SharpSpring Delivers 50% Quarter-Over-Quarter Increase in New Account Sales
Company Redirects Capital to Support Strategic Growth Initiatives; Suspends Dividend
CAMBRIDGE, Mass., Feb. 18, 2015 (GLOBE NEWSWIRE) -- SMTP, Inc. (Nasdaq:SMTP) (the "Company"), a global provider of marketing technologies and email delivery services, announced today that it expects to report record revenue of between $2.8 million and $2.9 million for the quarter ended December 31, 2014, an increase from $1.63 million for the third quarter 2014, and up from $1.52 million for the fourth quarter 2013. The Company plans to report its financials for year end 2014 and to host its earnings conference call with investors in early March.
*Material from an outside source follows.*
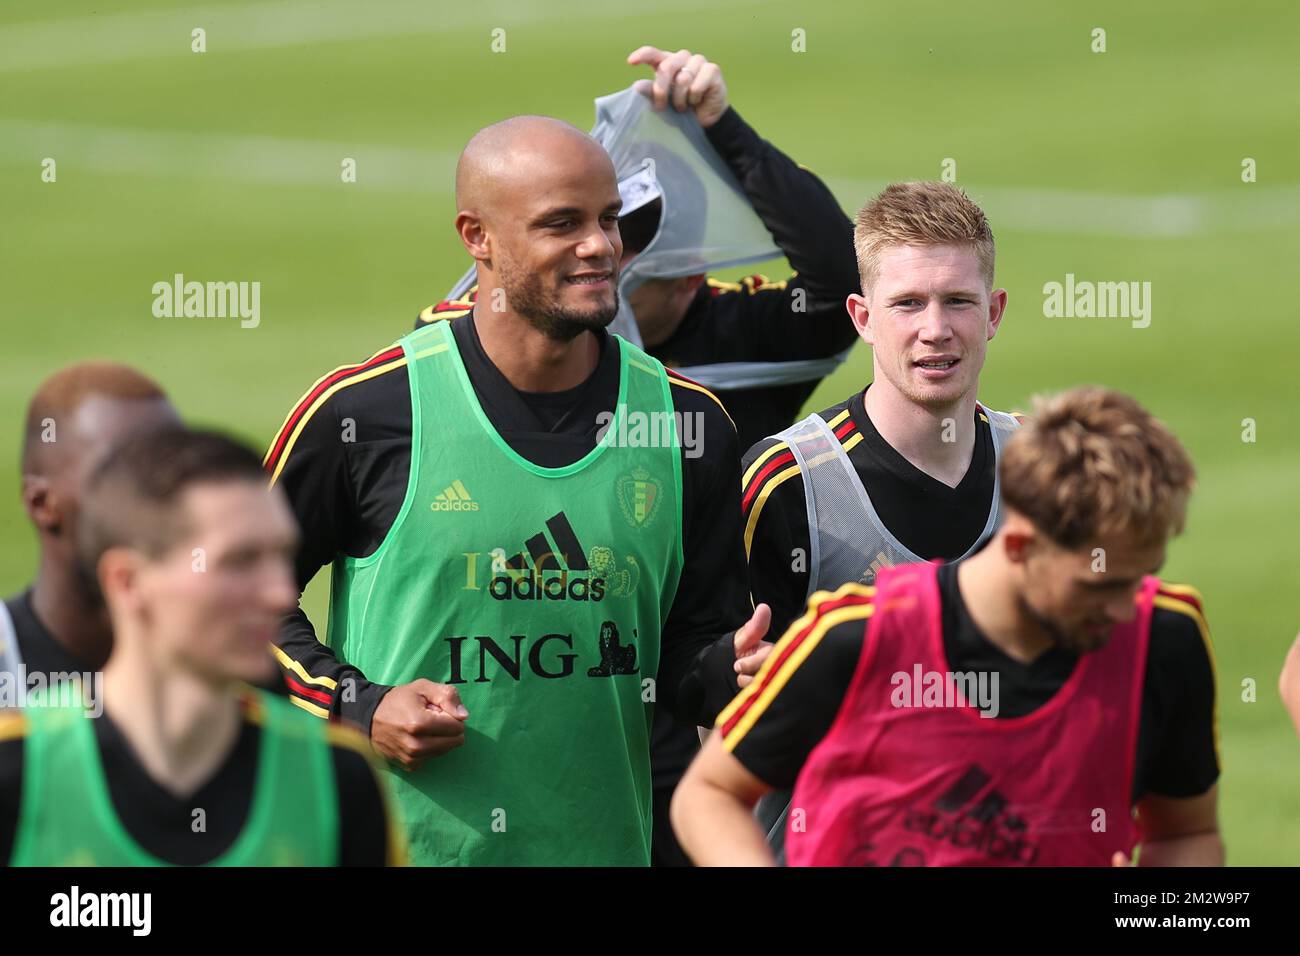 Belgium's Vincent Kompany and Belgium's Kevin De Bruyne pictured during a training session of Belgian national soccer team the Red Devils, Tuesday 04 June 2019. The team will be playing two European Cup 2020 qualification games against Kazachstan and Scotland in Belgium. BELGA PHOTO BRUNO FAHY Stock Photo

"SMTP's favorable revenue during the fourth quarter is reflective of our success in rapidly integrating GraphicMail and SharpSpring, and such progress is particularly evident in the accelerated growth of the SharpSpring product," said Jonathan Strimling, Chief Executive Officer of SMTP, Inc. "During the quarter, SharpSpring experienced 50% quarter-over-quarter growth in the rate at which it added new annual recurring revenue and now touts more than 1,000 cumulative end users. In the fourth quarter alone, SharpSpring signed 100 new customers representing more than $700,000 of annual recurring revenue."
The successful integration of both SharpSpring and GraphicMail onto the SMTP delivery platform allows both companies to target larger-volume, higher recurring revenue customers. Capitalizing on the strength of the combined service offering, SMTP intends to accelerate its domestic and international sales efforts. The company is commencing international sales and marketing efforts in ten countries through its network of local country partners and by launching direct sales of SharpSpring in the United Kingdom. These newly established SharpSpring sales channels are expected to start contributing to revenue during the first quarter of 2015.
Mr. Strimling concluded, "These early, positive sales results validate our confidence in the strength of the combined product offering and we are accelerating our investment to rapidly capitalize on strategic growth opportunities. For this reason, the Board of Directors has unanimously voted to suspend our quarterly dividend. We are confident that our decision to reinvest this capital into the business is in the best long-term interests of shareholders and will enable us to accelerate the growth of our business."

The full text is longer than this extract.